The browser information is extracted from the user agent string using UAParser.js library, from the browser Web APIs and from tracker.js custom functions.
const Browser = {
$id: '/schemas/browser',
title: 'Browser',
description: `Information about the user agent browser.`,
properties: {
name: {
description: `Browser name from user agent.`,
type: 'string',
example: 'Chrome'
},
version: {
description: `Browser version from user agent.`,
type: 'string',
example: '100.0.4896.79'
},
majorVersion: {
description: `Browser major version from user agent.`,
type: 'string',
example: '100'
},
engine: {
description: `A browser engine (also known as rendering engine) is a core
software component of every major web browser. The primary
job of a browser engine is to transform HTML documents and other
resources of a web page into an interactive visual representation
on a user's device.`,
type: 'object',
properties: {
name: {
description: `Engine name from user agent.`,
type: 'string',
example: 'Blink'
},
version: {
description: `Engine version from user agent.`,
type: 'string',
example: '100.0.4896.79'
},
},
required: [
'name',
'version'
],
additionalProperties: false
},
language: {
description: `Browser interface language from Navigator.language Web API.`,
type: 'string',
example: 'ro'
},
cookies: {
description: `Flag indicating if cookies is enabled.`,
type: 'boolean',
example: true
},
adBlock: {
description: `Flag indicating if ad block is enabled.`,
type: 'boolean',
example: false
}
},
required: [
'name',
'version',
'majorVersion',
'engine',
'language',
'cookies',
'adBlock'
],
additionalProperties: false
};
User
An individual who interacts with a website.
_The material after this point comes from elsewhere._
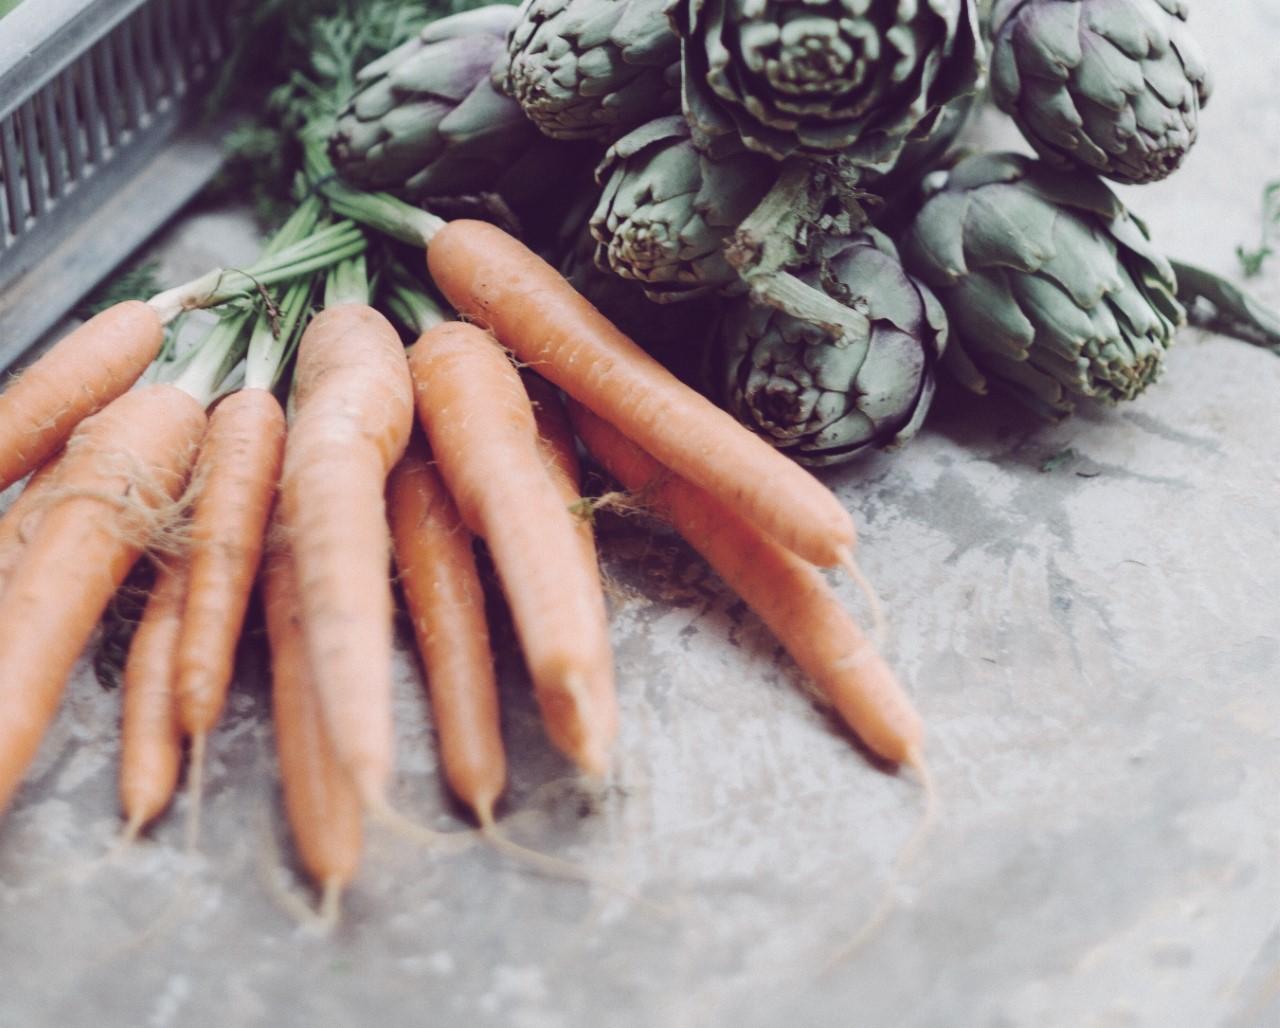 Kuukauden porkkana: Toukokuu 2019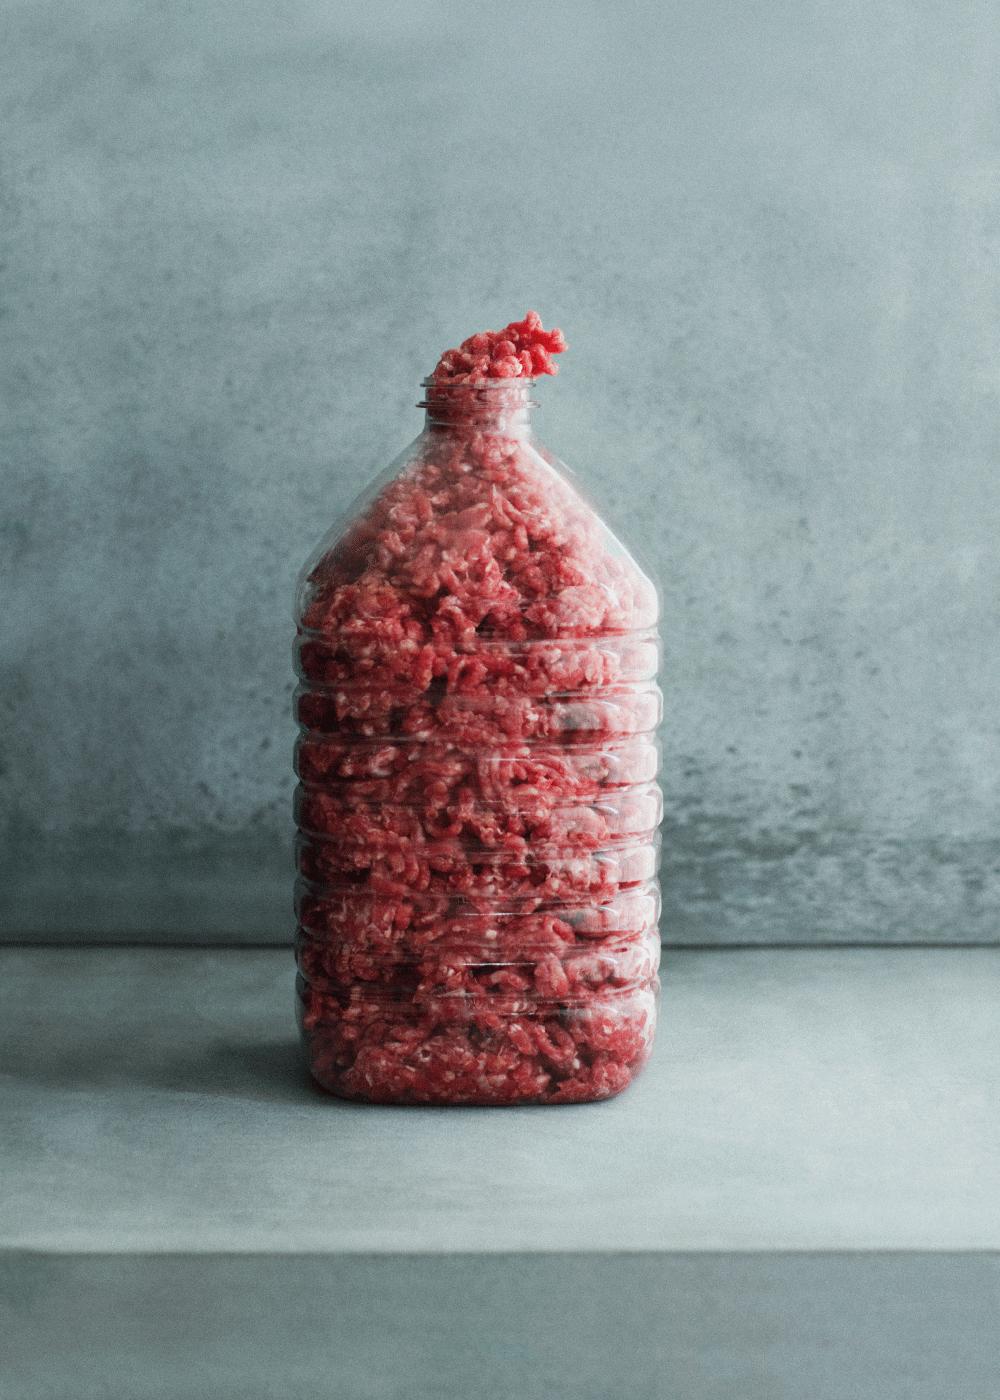 Billede af Bottle of meat - Moderne kunst plakat

Each user can visit a website several times, creating multiple sessions.
By default, each unique device / web browser will be counted as a separate user, which means someone visiting your website on multiple devices / browsers will mean more than one user reported.
User data is carried on new sessions, with exception if the previous session cookie is expired / deleted before the regeneration of a new session.
const User = {
$id: '/schemas/user',
title: 'User',
description: ``,
properties: {
_id: {
description: `Unique RFC4122 V4 identifier.`,
type: 'string',
minLength: 36,
maxLength: 36,
example: '1b9d6bcd-bbfd-4b2d-9b5d-ab8dfbbd4bed'
},
new: {
description: `Flag indicating if it is a new user. It's considered a new
user when a user accesses the website for the first time.`,
type: 'boolean',
example: true
},
sessions: {
description: `Session counter. Will increases the value when a session
is regenerated.`,
type: 'integer',
exclusiveMinimum: 1,
example: 10
},
events: {
description: `Event counter. Will increases the value on any
received event by the back-end. Represents the
events from all user sessions.`,
type: 'integer',
exclusiveMinimum: 0,
example: 10
},
views: {
description: `Page view counter. Will increases the value on 'pageview'
event type received by the back-end. Represents the
page views from all user sessions.`,
type: 'integer',
minimum: 0,
example: 5
}
},
required: [
'_id',
'new',
'sessions',
'events',
'views',
],
additionalProperties: false
};
Session
A web session is a series of contiguous actions by a visitor on an individual website within a given time frame. These actions are called events.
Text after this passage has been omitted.